*Dataset excerpts*:

__________

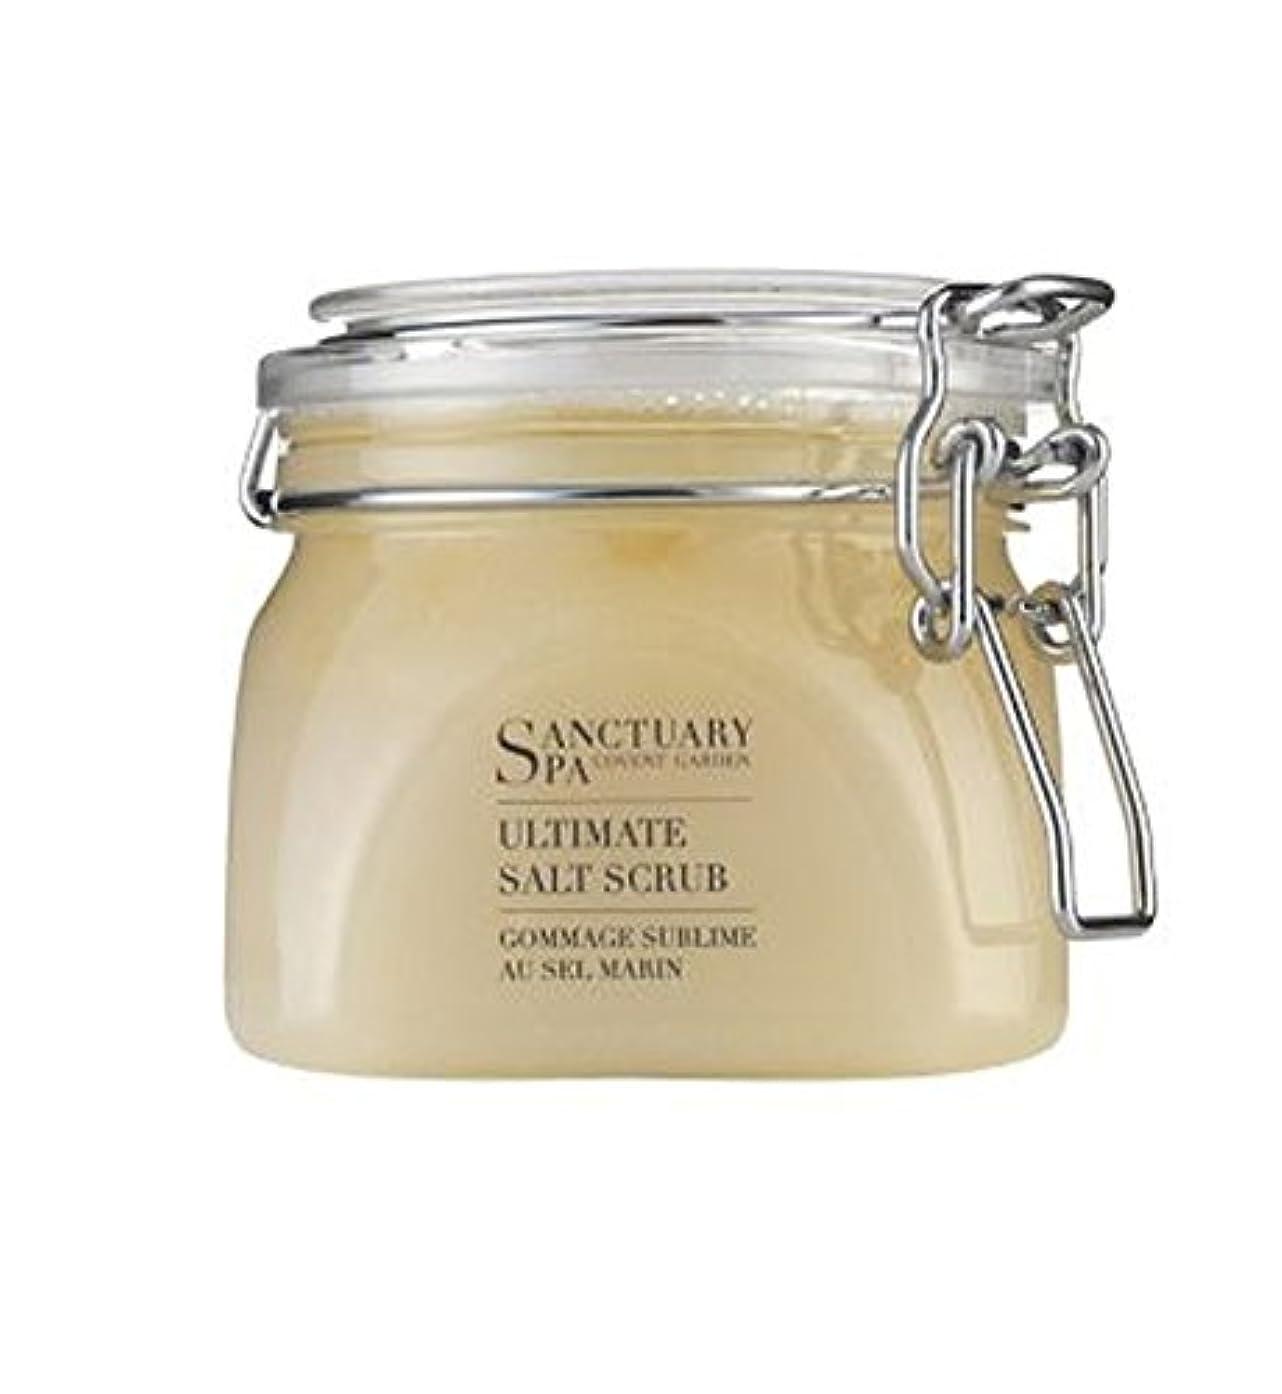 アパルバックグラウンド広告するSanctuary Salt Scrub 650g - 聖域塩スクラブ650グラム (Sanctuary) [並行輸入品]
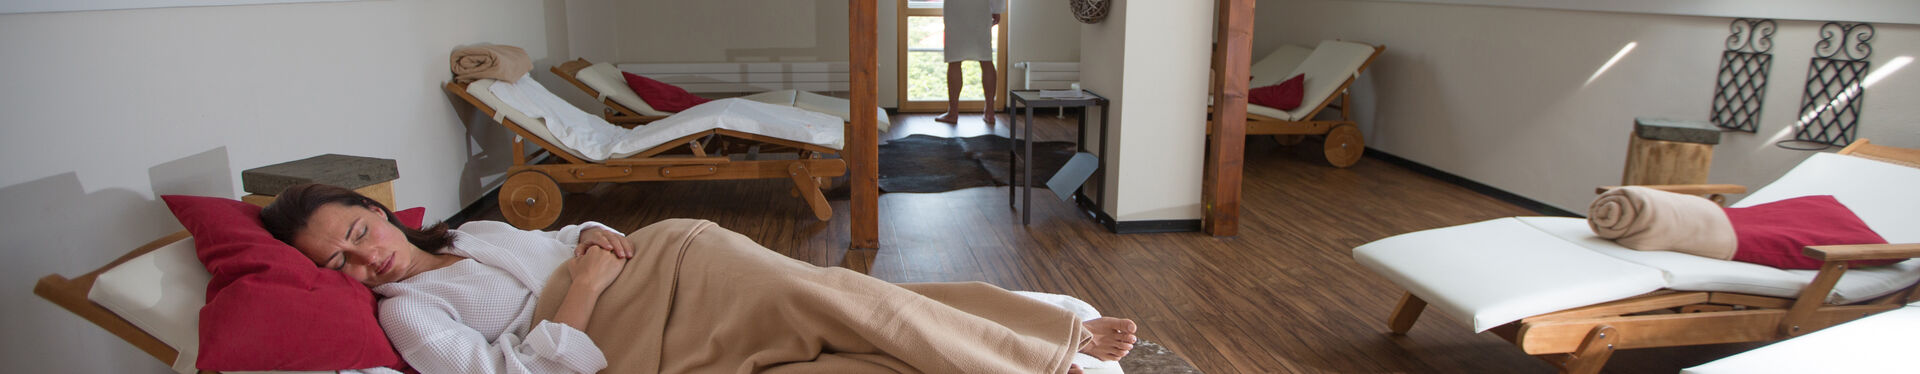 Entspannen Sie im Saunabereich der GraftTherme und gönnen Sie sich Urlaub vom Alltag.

__________

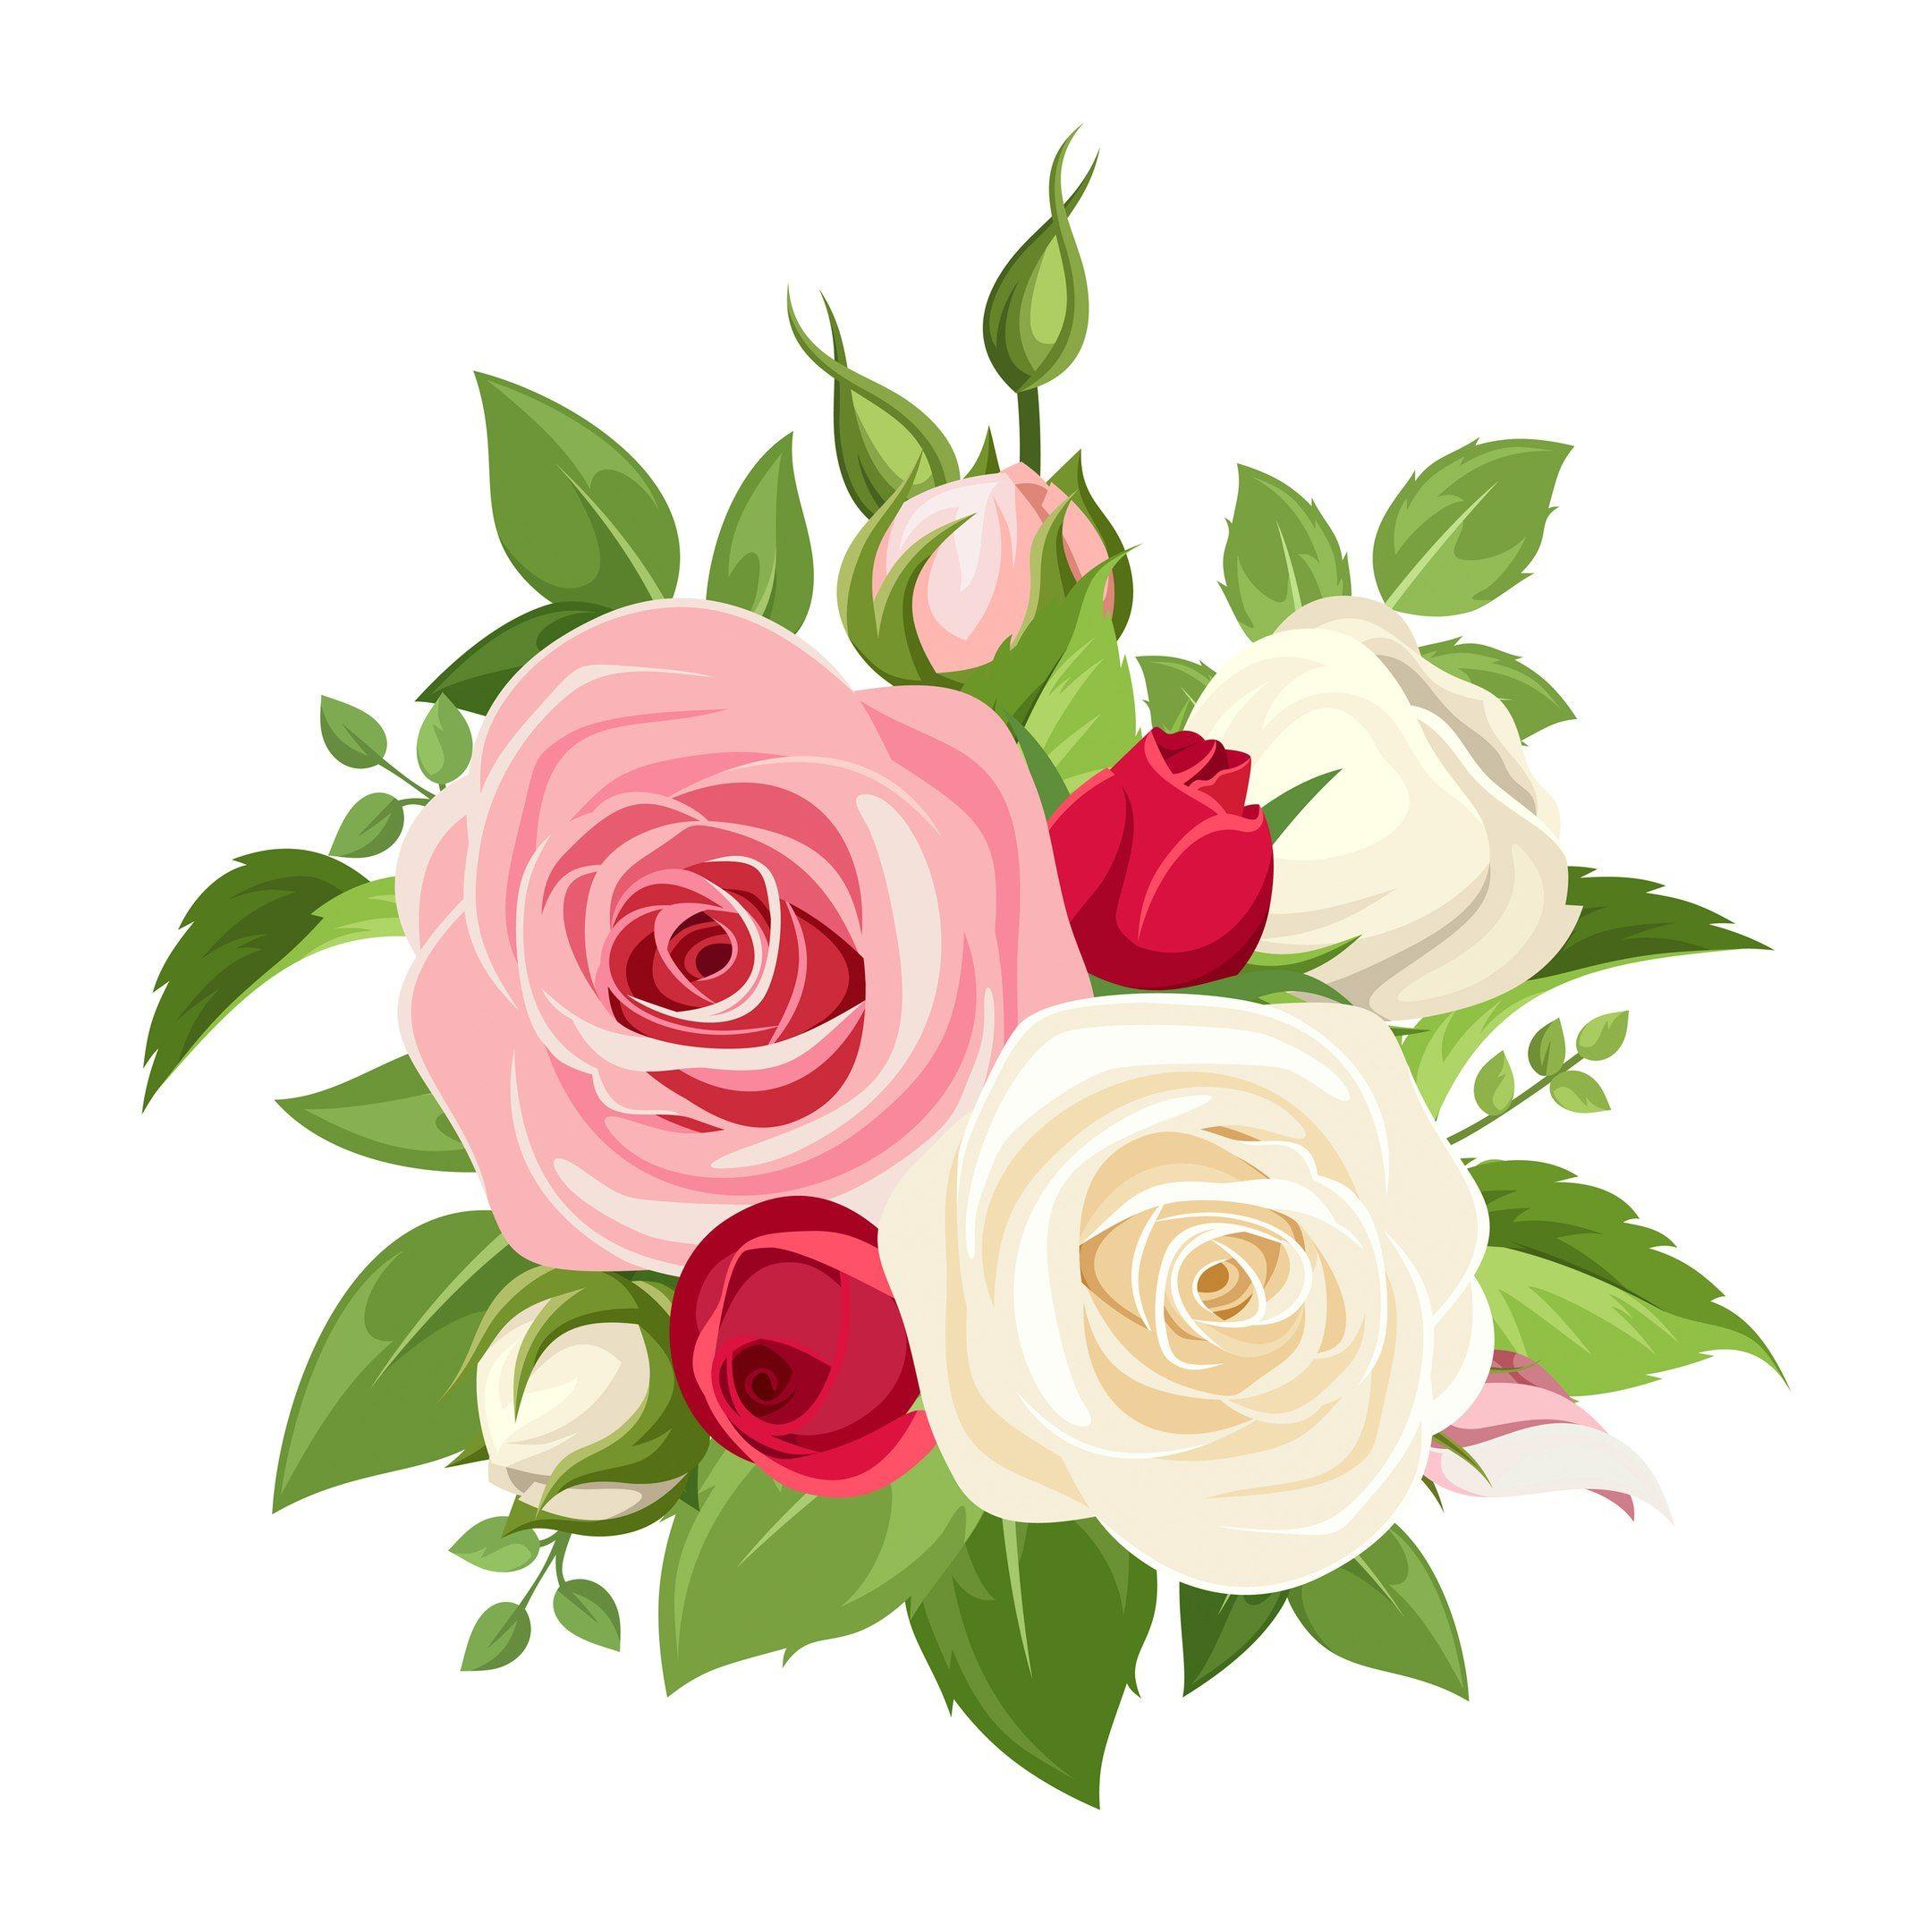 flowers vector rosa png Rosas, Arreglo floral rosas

__________

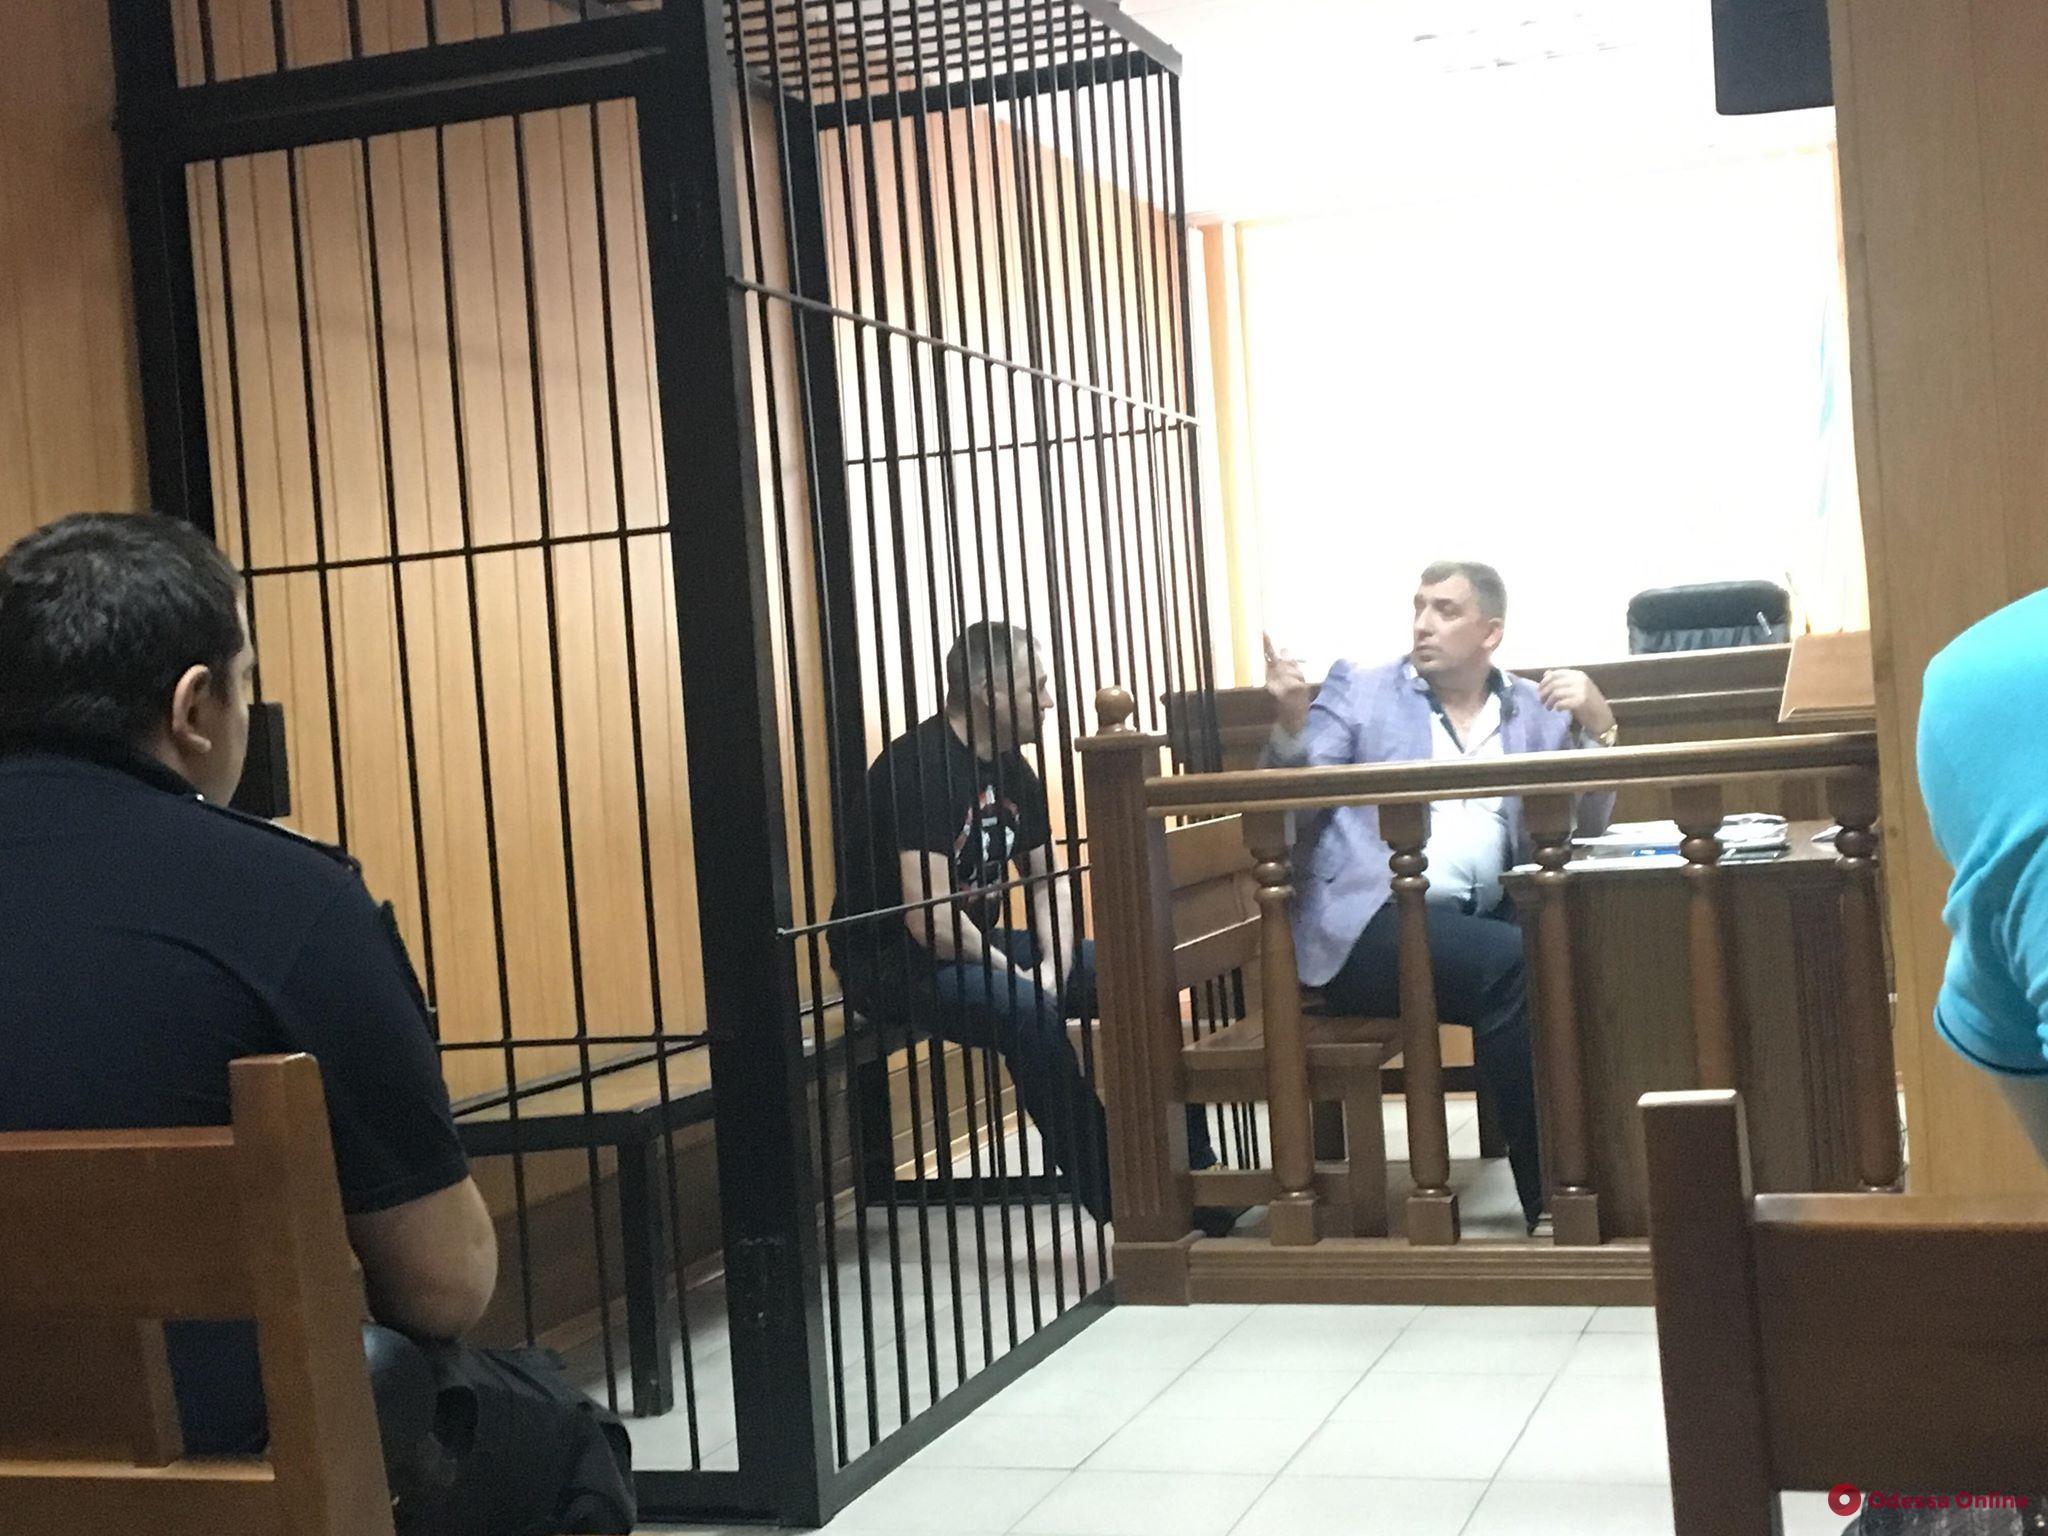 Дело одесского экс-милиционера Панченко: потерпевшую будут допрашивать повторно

__________

*Action item*:
In the listing above, find the line containing "アパルバックグラウンド広告するSanctuary Salt Scrub" and the line containing "Entspannen Sie im", then return both of them and every line between, exactly, without pictures.

*Answer section*:
 アパルバックグラウンド広告するSanctuary Salt Scrub 650g - 聖域塩スクラブ650グラム (Sanctuary) [並行輸入品]
 Entspannen Sie im Saunabereich der GraftTherme und gönnen Sie sich Urlaub vom Alltag.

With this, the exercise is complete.